What we would really like is to be able spin off a cooperative, direct-style thread. The thread needs a way to block on Lwt threads, but when it blocks we need to be able to schedule another Lwt thread. As a cooperative thread it of course has exclusive access to the process state while it is running. A cooperative, direct-style thread is sometimes called a coroutine (although to me that word connotes a particular style of inter-thread communication as well, where values are yielded between coroutines), or a fiber.

Here’s an API for mixing Lwt threads with fibers:

  val start : (unit -> 'a) -> 'a Lwt.t 
  val await : 'a Lwt.t -> 'a 

The start function spins off a fiber, returning an Lwt thread which is woken with the result of the fiber once it completes. The await function (which may be called only from within a fiber) blocks on the result of an Lwt thread, allowing another Lwt thread to be scheduled while it is waiting.

With this API we could implement our XMPP server by calling xmlm from within a fiber, and passing it a function that awaits the next character available on the network connection. But how do we implement it?

Delimited continuations

Oleg Kiselyov’s recent announcement of a native-code version of his Delimcc library for delimited continuations in OCaml reminded me of two things:

  1. I should find out what delimited continuations are.
  2. They sound useful for implementing fibers.

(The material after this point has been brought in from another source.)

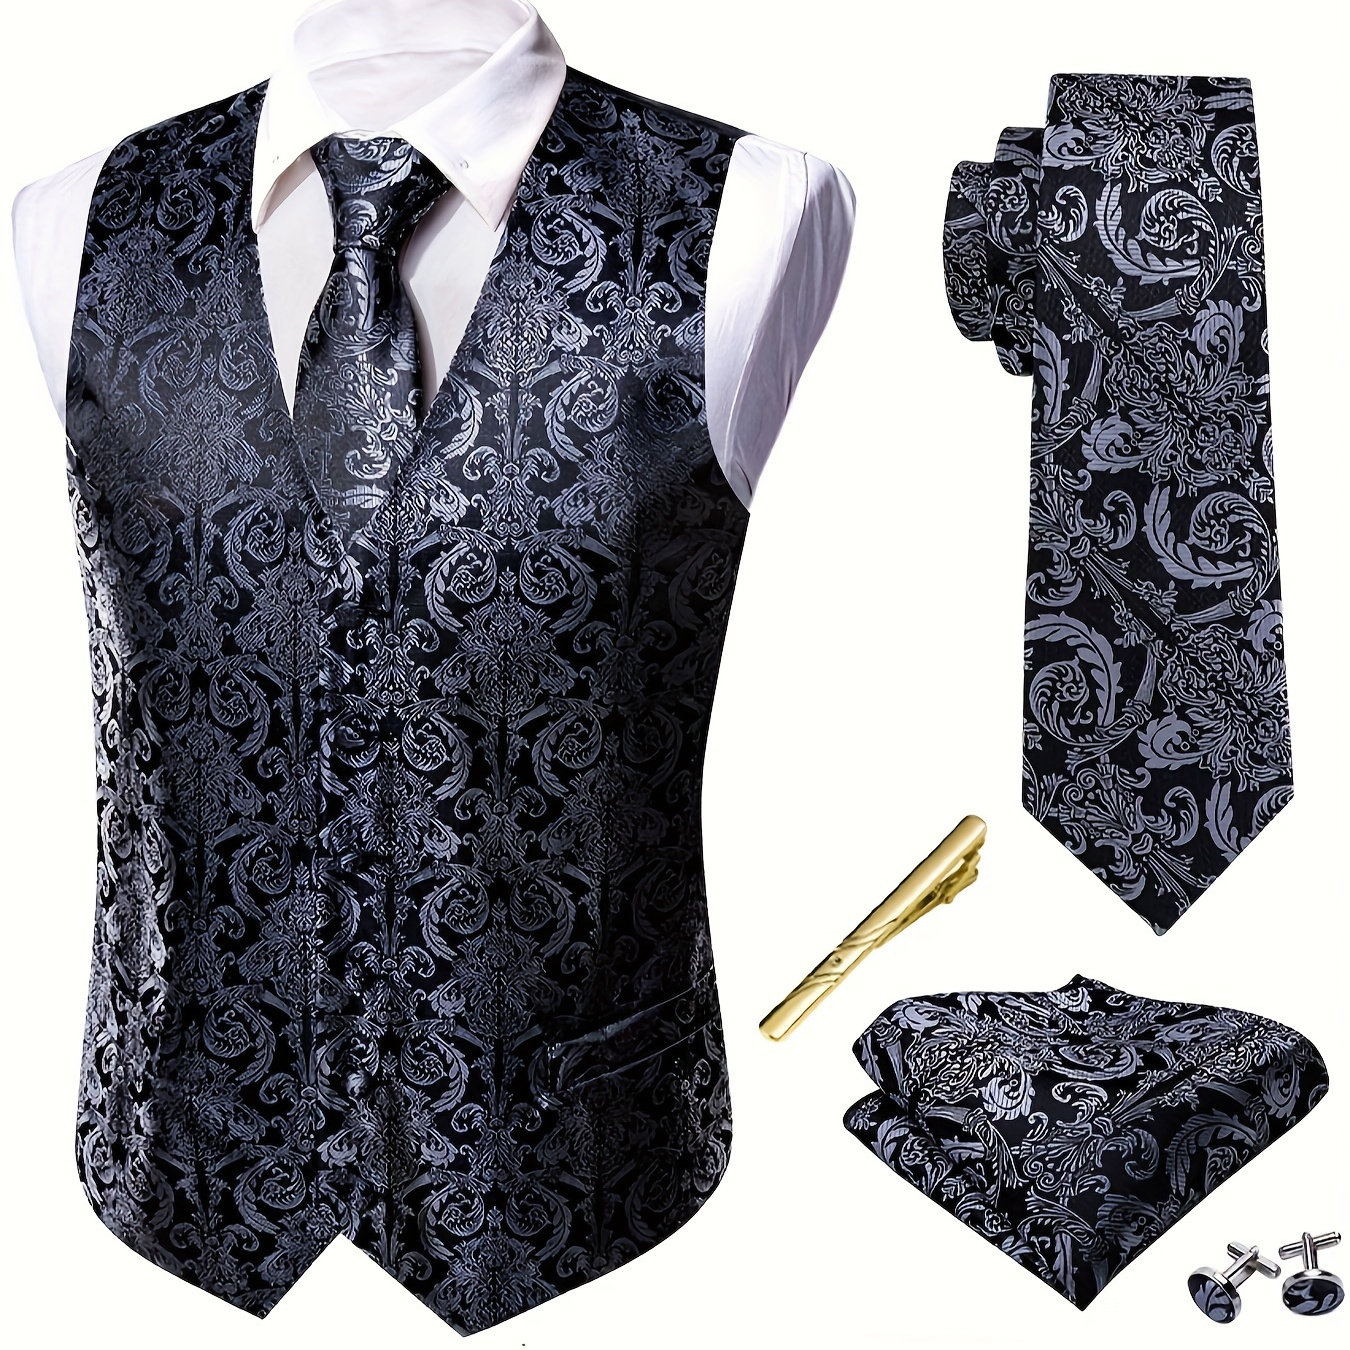 

Men's Plus Size Royal Black Floral Jacquard V Neck Vest Suit, Waistcoat Necktie Square Hanky Cufflinks Tie 5pcs Set, For Formal/wedding Suit Set

The paper describing the library, Delimited Control in OCaml, Abstractly and Concretely, has a pretty good overview of delimited continuations, and section 2 of A Monadic Framework for Delimited Continuations is helpful too.

The core API is small:

  type 'a prompt 
  type ('a,'b) subcont 
  
  val new_prompt   : unit -> 'a prompt 
  
  val push_prompt  : 'a prompt -> (unit -> 'a) -> 'a 
  val take_subcont : 
    'b prompt -> (('a,'b) subcont -> unit -> 'b) -> 'a 
  val push_subcont : ('a,'b) subcont -> (unit -> 'a) -> 'b 

I find it easiest to think about these functions as operations on the stack. A prompt is an identifier used to mark a point on the stack (the stack can be marked more than once with the same prompt). The function new_prompt makes a new prompt which is not equal to any other prompt.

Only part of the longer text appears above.